You certainly can't make $(a_n)$ be strictly monotonic, since that would mean that $a_n\geq a_0+n$ for all $n$. So, for instance, if $k_n=\lfloor\sqrt{n}\rfloor$ we cannot choose any such $a_n$, since for any value of $a_0$ we have $k_n<a_0+n$ for all sufficiently large $n$.
The non-strict case is much more subtle. First, the answer is no for some choices of ultrafilter. Consider a sequence $k_n$ defined as follows. For $m^2<n\leq(m+1)^2$, $k_n$ goes through the integers from $m^2+1$ to $(m+1)^2$ in reverse order (so $k_{m^2+1}=(m+1)^2$, $k_{m^2+2}=(m+1)^2-1$, and so on). Let $S$ be the set of subsets of $\mathbb{N}$ on which this sequence $(k_n)$ is increasing. If $A\in S$, then $A$ contains at most one point in the interval $(m^2,(m+1)^2]$ for each $m$. Since the lengths of these intervals are unbounded, it follows that no finite union of sets in $S$ can cover all of $\mathbb{N}$. Thus the set of complements of elements of $S$ generate a proper filter on $\mathbb{N}$, which can be extended to an ultrafilter $\mathcal{F}$.
Now I claim that if we construct the hypernaturals using this ultrafilter $\mathcal{F}$, there is no increasing sequence which is equivalent to $(k_n)$. Indeed, by our choice of $\mathcal{F}$, if $a_n=k_n$ for all $n\in A$ for some $A\in\mathcal{F}$, then $k_n$ is not increasing on $A$ and hence $a_n$ cannot be increasing either. On the other hand, the sequence $(k_n)$ goes to $\infty$, so it must represent an unlimited hypernatural.
So the question remains: are there any ultrafilters for which the answer is yes? It turns out that this is independent of ZFC. First, by a theorem of Shelah, it is consistent with ZFC that no ultrafilter is a P-point, meaning that for any nonprincipal ultrafilter $\mathcal{F}$, there exists a partition of $\mathbb{N}$ into sets $A_i$ with $A_i\not\in\mathcal{F}$ for all $i$ such that for any $B\in\mathcal{F}$, $B \cap A_i$ is infinite for some $i$. Now given an ultrafilter $\mathcal{F}$ and such a partition $\mathbb{N}=\bigcup A_i$, define $k_n=i$ for $n\in A_i$. Since $A_i\not\in\mathcal{F}$ for all $i$, $(k_n)$ represents an unlimited hypernatural number with respect to $\mathcal{F}$. But for any $B\in\mathcal{F}$, there is some number which repeats infinitely often even after restricting $(k_n)$ to $B$, so $(k_n)$ cannot be equivalent to an increasing sequence (it is not even equivalent to a sequence that goes to $\infty$!). So it is consistent that the answer is no for all ultrafilters.

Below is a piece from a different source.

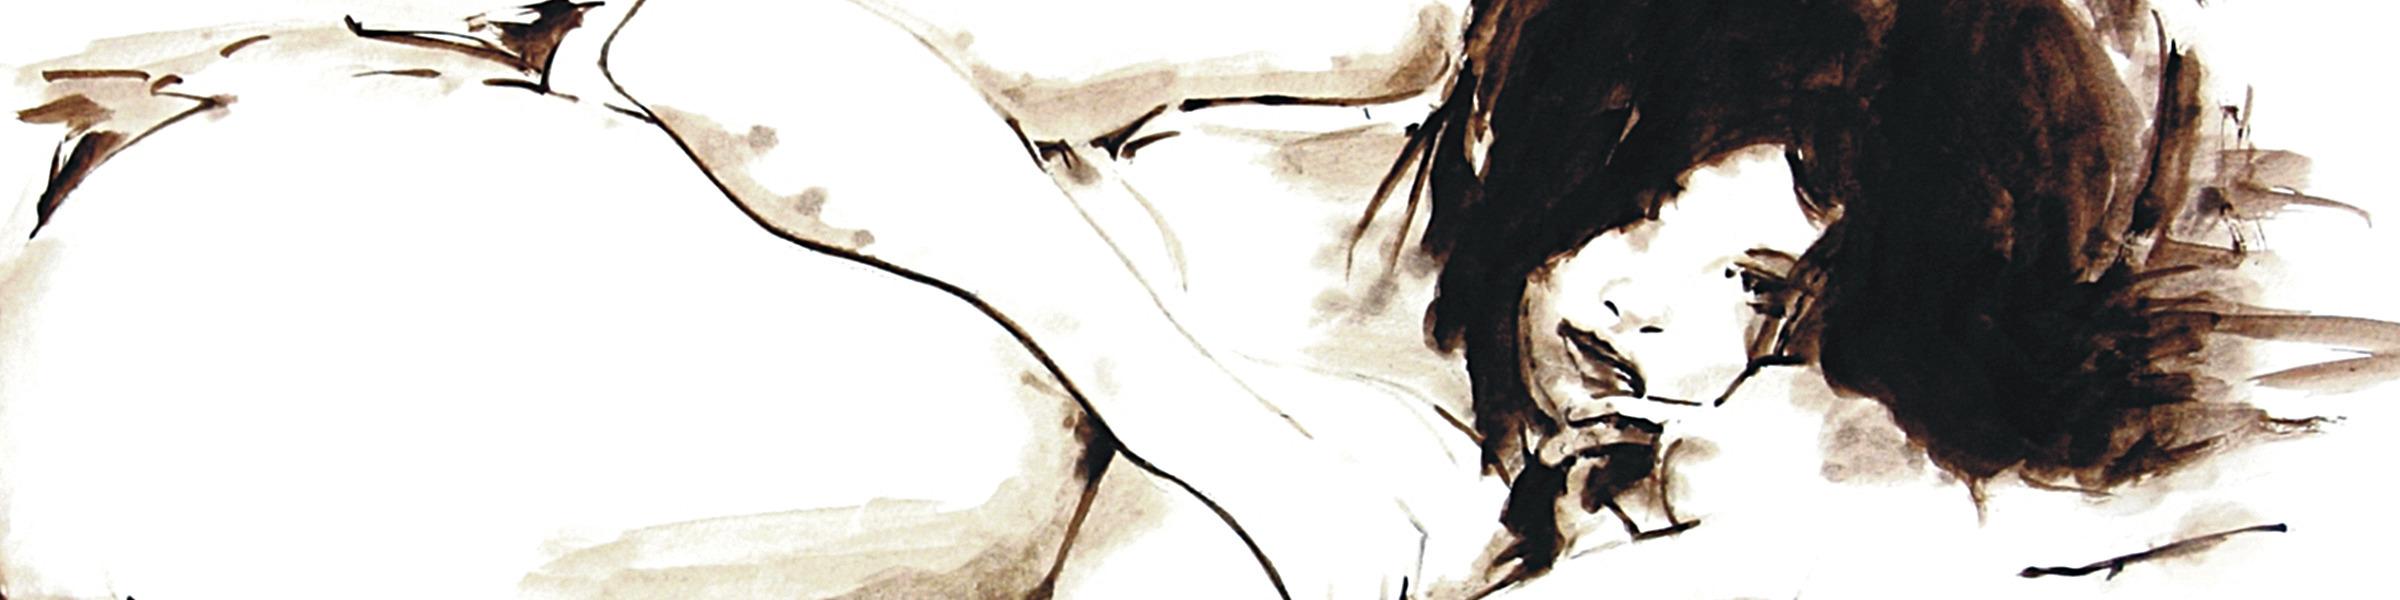 Melissa Mailer-Yates (@melissamyartist) Cover Image

On the other hand, if the ultrafilter $\mathcal{F}$ is a Ramsey ultrafilter, the answer is yes. The existence of Ramsey ultrafilters is consistent with ZFC (for instance, it follows from the continuum hypothesis). There are several equivalent definitions of Ramsey ultrafilters, but the easiest to use here is the following: a nonprincipal ultrafilter $\mathcal{F}$ is Ramsey if for any set $R$ of two-element subsets of $\mathbb{N}$, there is a set $A\in\mathcal{F}$ such that either for all distinct $x,y\in A$, $\{x,y\}\in R$, or else for all distinct $x,y\in A$, $\{x,y\}\not\in R$. In this case, given a sequence $(k_n)$, let $R$ be the set of pairs $\{x,y\}$ such that $k_x$ and $k_y$ are in the correct order (that is, $x<y$ iff $k_x<k_y$). For $A\in\mathcal{F}$, if $\{x,y\}\not\in R$ for all distinct $x,y\in A$, that means that $(k_n)$ is decreasing on $A$, which is impossible if $(k_n)$ represents an unlimited hyperreal. So there must be $A\in\mathcal{F}$ such that $\{x,y\}\in R$ for all distinct $x,y\in A$, which means the restriction of $(k_n)$ to $A$ is increasing. We can then define $(a_n)$ to agree with $(k_n)$ on $A$ and interpolate in between to be increasing on all of $\mathbb{N}$.